Book Review: Telling Lies for Fun & Profit

I hear this book has been around for eons and is a mainstay of writers’ canon. Shrug. Who knew? LOL. Not me. Not until Norwescon this past year when one of the panels referenced Telling Lies for Fun & Profit by Lawrence Block.

I very much liked this book. It’s broken down into section about the market and craft specific things. I found some of his market information and opinions felt very out of date. But his comments on craft were spot on. I took a ton of e-notes, 7% of the book in fact or so the rights management software informed me. (The book allows 10%.)

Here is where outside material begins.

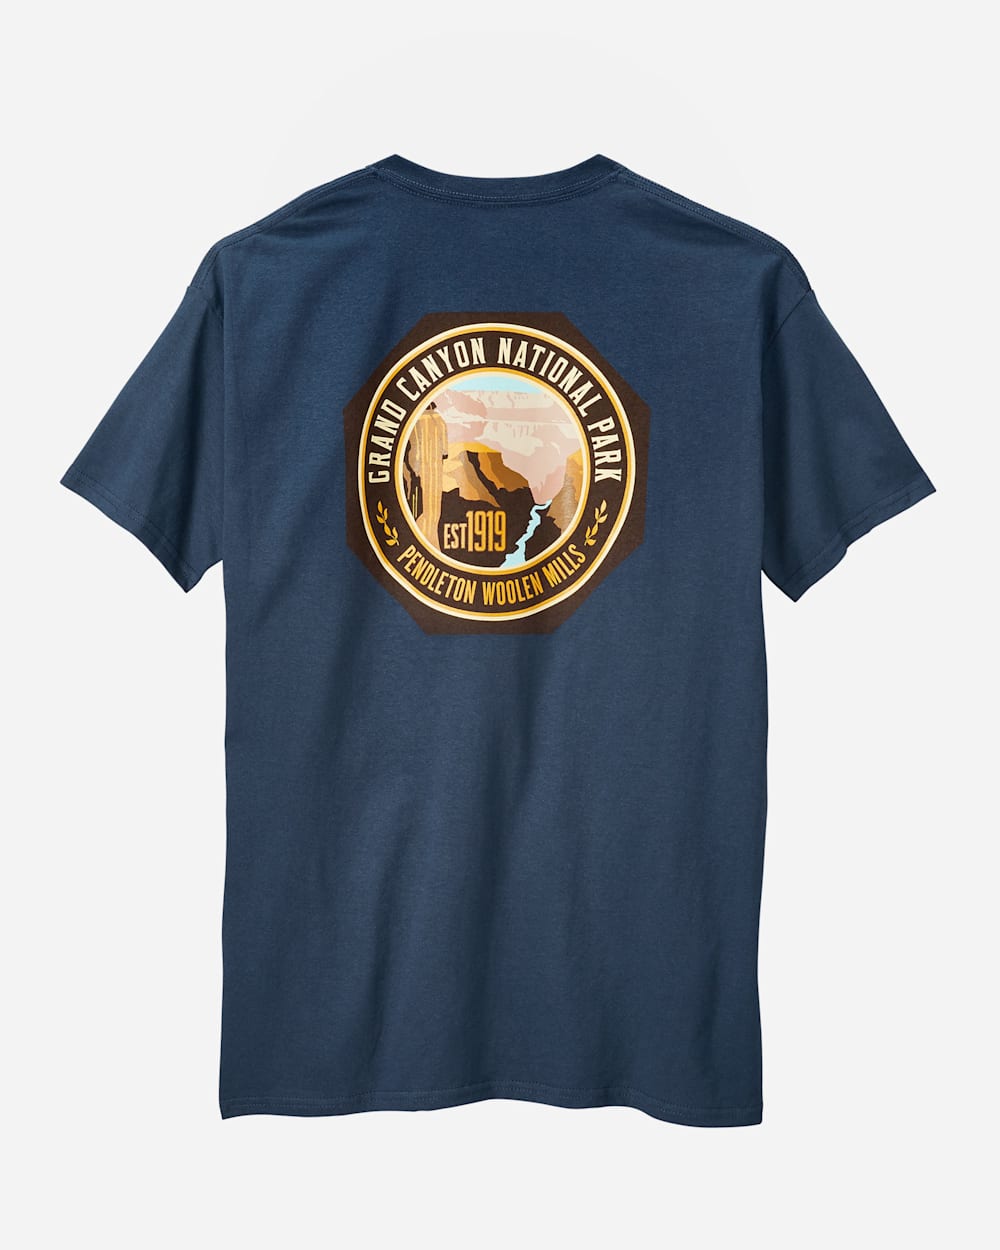 ALTERNATE VIEW OF MEN'S GRAND CANYON PARK TEE IN NAVY image number 1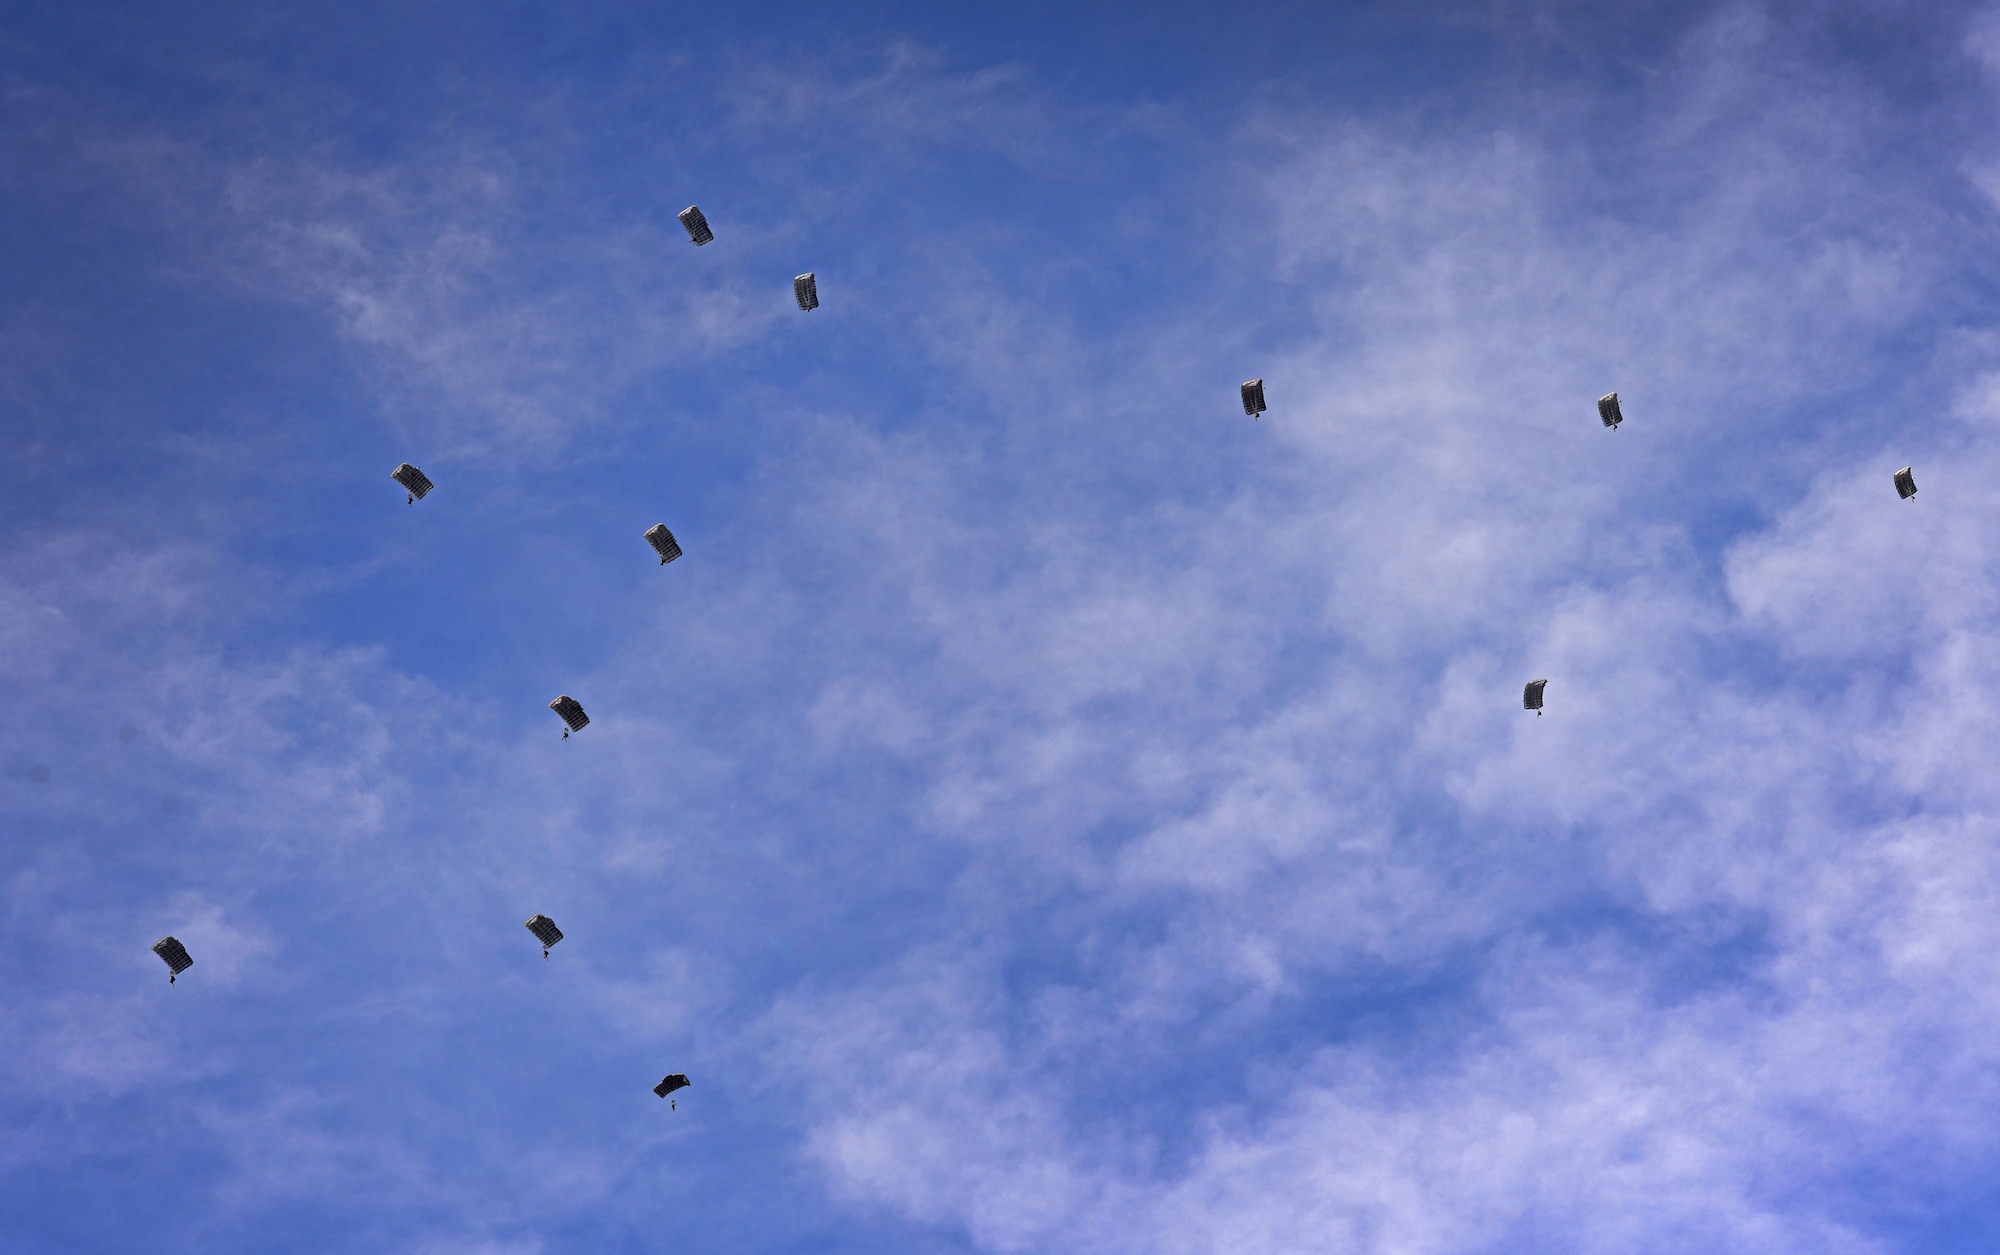 A dozen members of the 26th Special Tactics Squadron parachute down from an aircraft over the flightline March 25, 2016, at Cannon Air Force Base, N.M. Special Tactics Airmen train to maintain operational readiness, able to infiltrate into areas where aircraft cannot land. (U.S. Air Force photo/Staff Sgt. Alexx Pons)

One of my fave stories he used to demonstrate the importance of close first person narrative with some story lines. He talks about how in the story you are right there with a band of rebels. Their country has been taken over by a neighboring country. They develop a plan to kill the dictator in charge in the hopes of gaining their freedom. The story is told so close in that as a reader you are rooting for the assassin to kill the dictator. Rooting for the rebels right up til the moment when the assassin kills the dictator and you see it’s Abraham Lincoln he’s killed to your cheers.  That story line would never have flown told from a distant omniscient third person POV.

Maybe that’s what makes this book so much fun and informative, the great stories Block tells to demonstrate his points. The chapters are short and the reading easy.

℘℘℘℘ – Four Pages. I have to be honest, I’d never heard of this guy or read any of his fiction works, but if he’s as funny in fiction as he was in non fiction…I’ll definitely check him out.